Shown below are entries with pictures; the line with "kia Stonic New Car Offer" through the line with "899b61c824 Sunglasses Ray-Ban" is the span to retype exactly, and the pictures stay out.

## DATA TO PROCESS

******

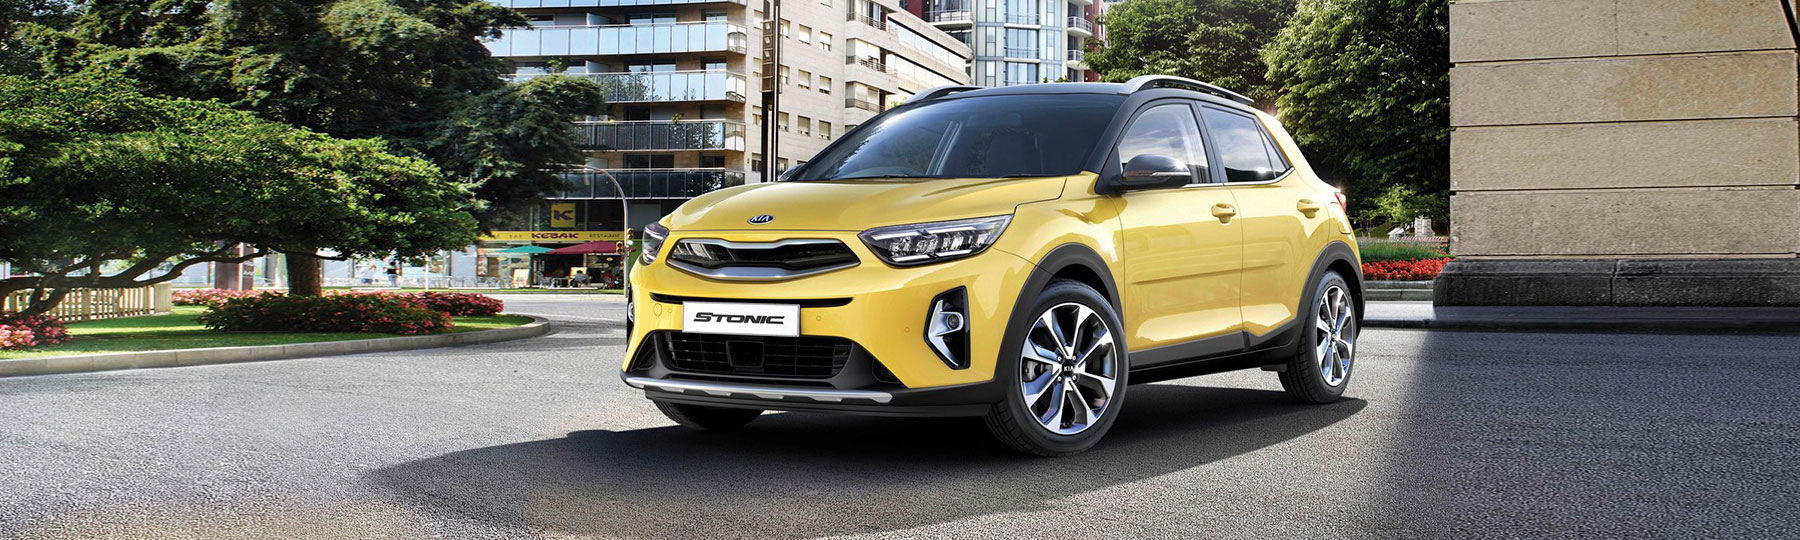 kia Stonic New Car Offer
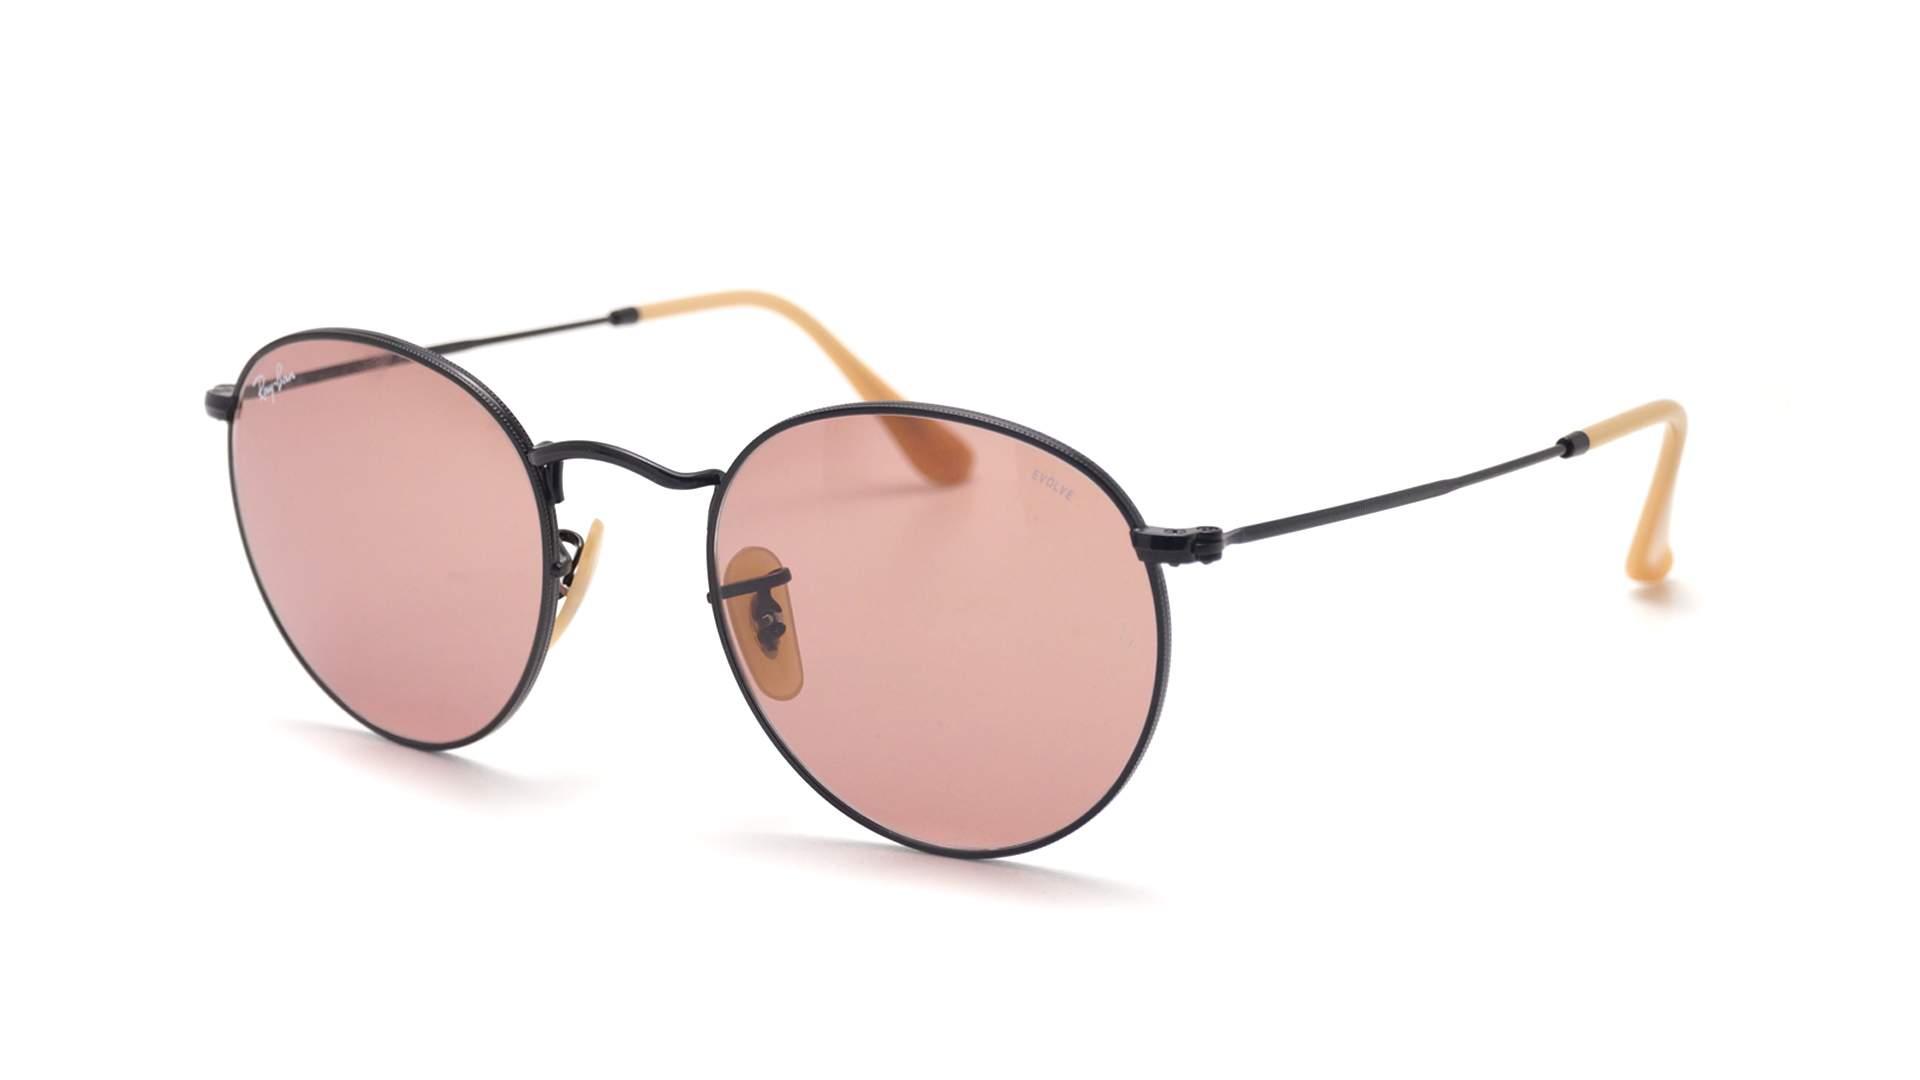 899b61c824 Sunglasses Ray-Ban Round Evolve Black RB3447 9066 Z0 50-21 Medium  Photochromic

******

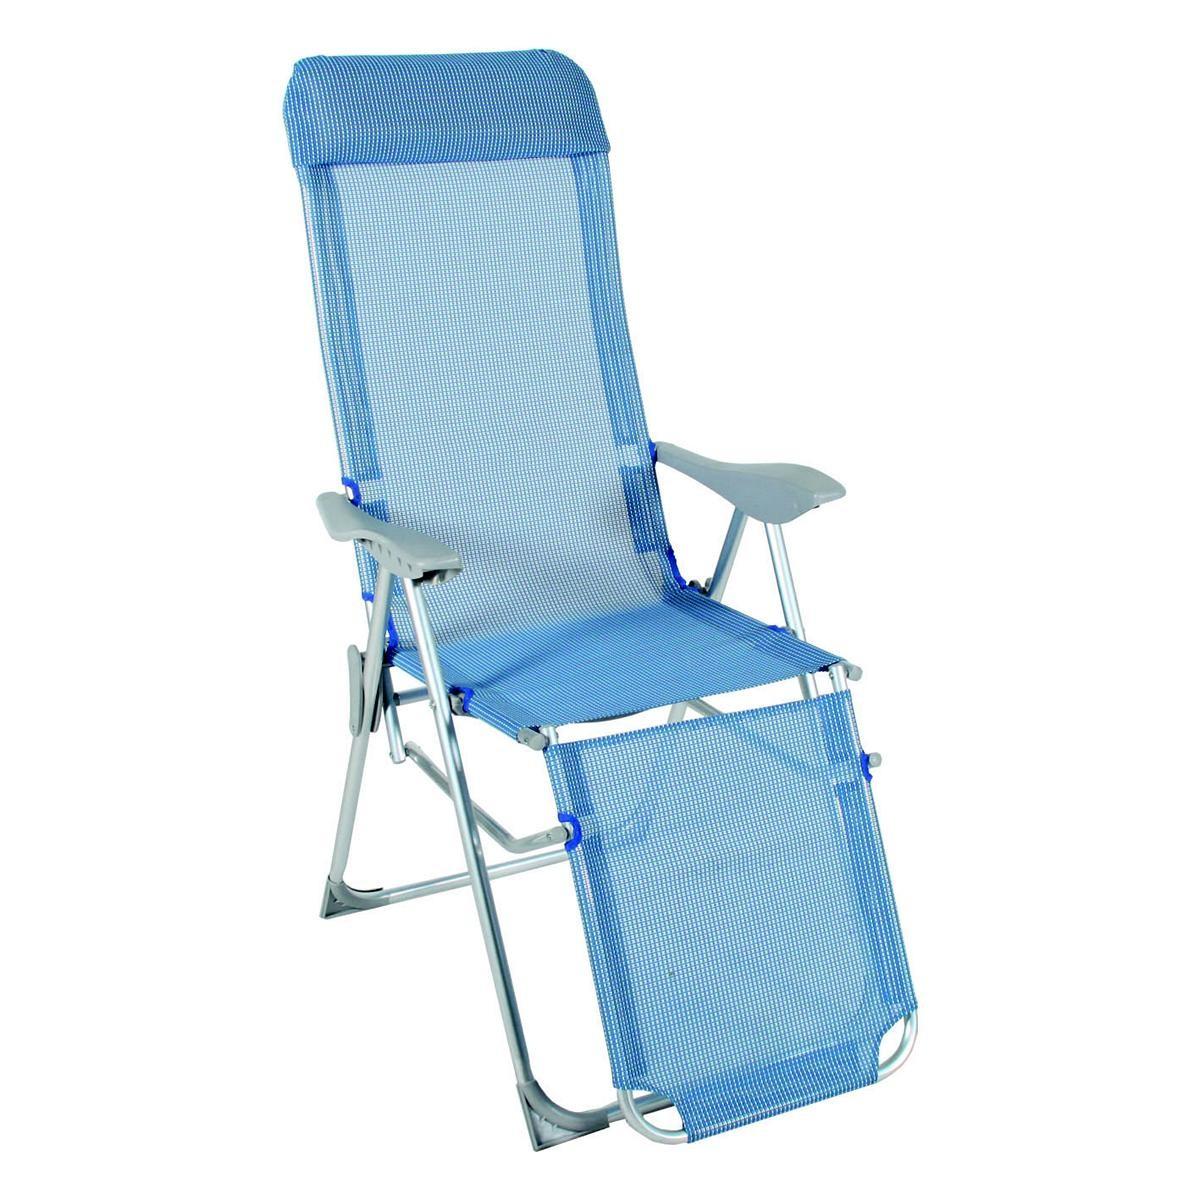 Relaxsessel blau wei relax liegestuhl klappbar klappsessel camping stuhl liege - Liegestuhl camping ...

******

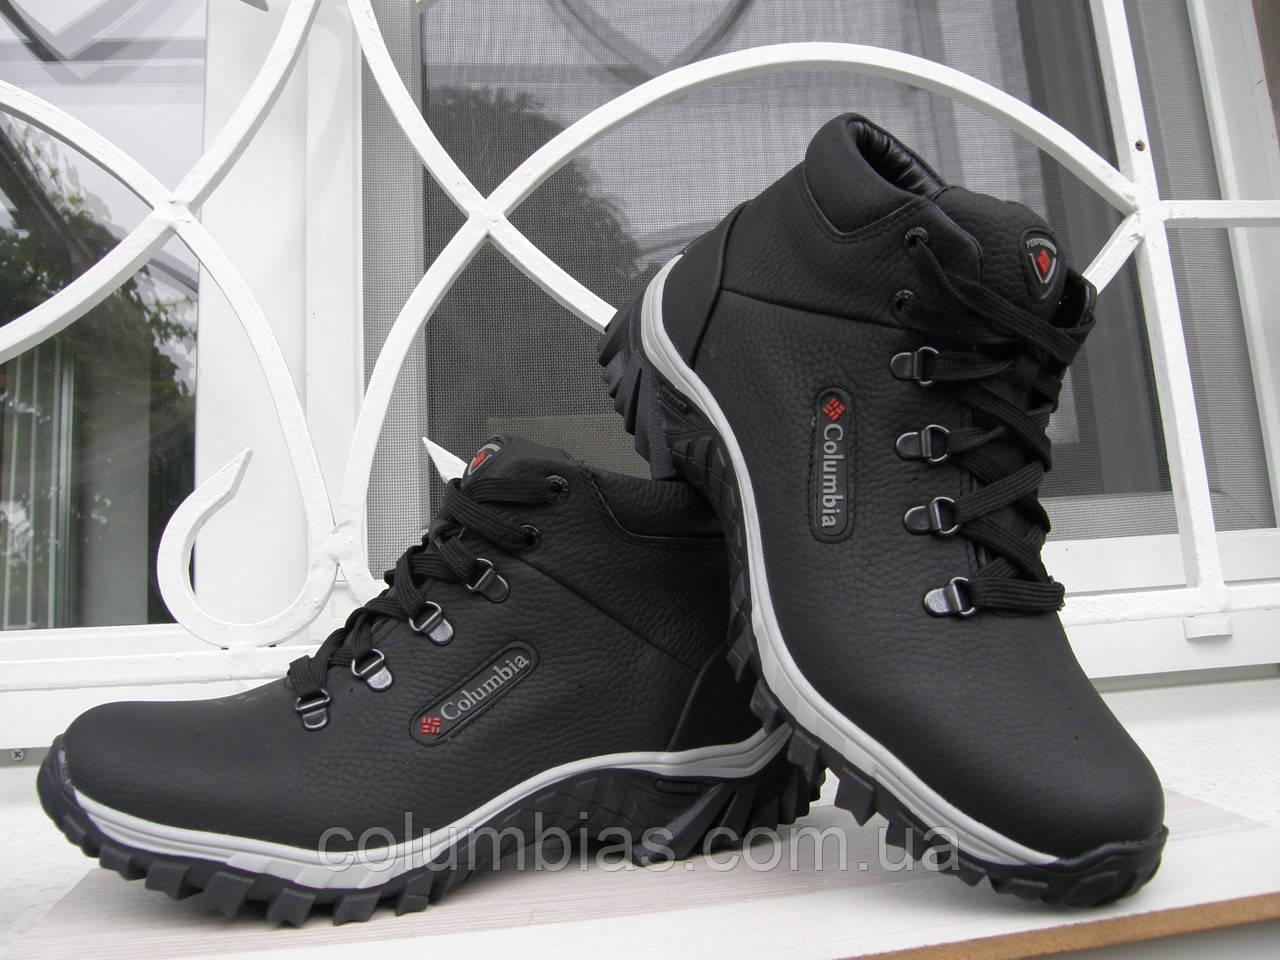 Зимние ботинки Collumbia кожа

******

## EXPECTED ANSWER
 kia Stonic New Car Offer
 899b61c824 Sunglasses Ray-Ban Round Evolve Black RB3447 9066 Z0 50-21 Medium  Photochromic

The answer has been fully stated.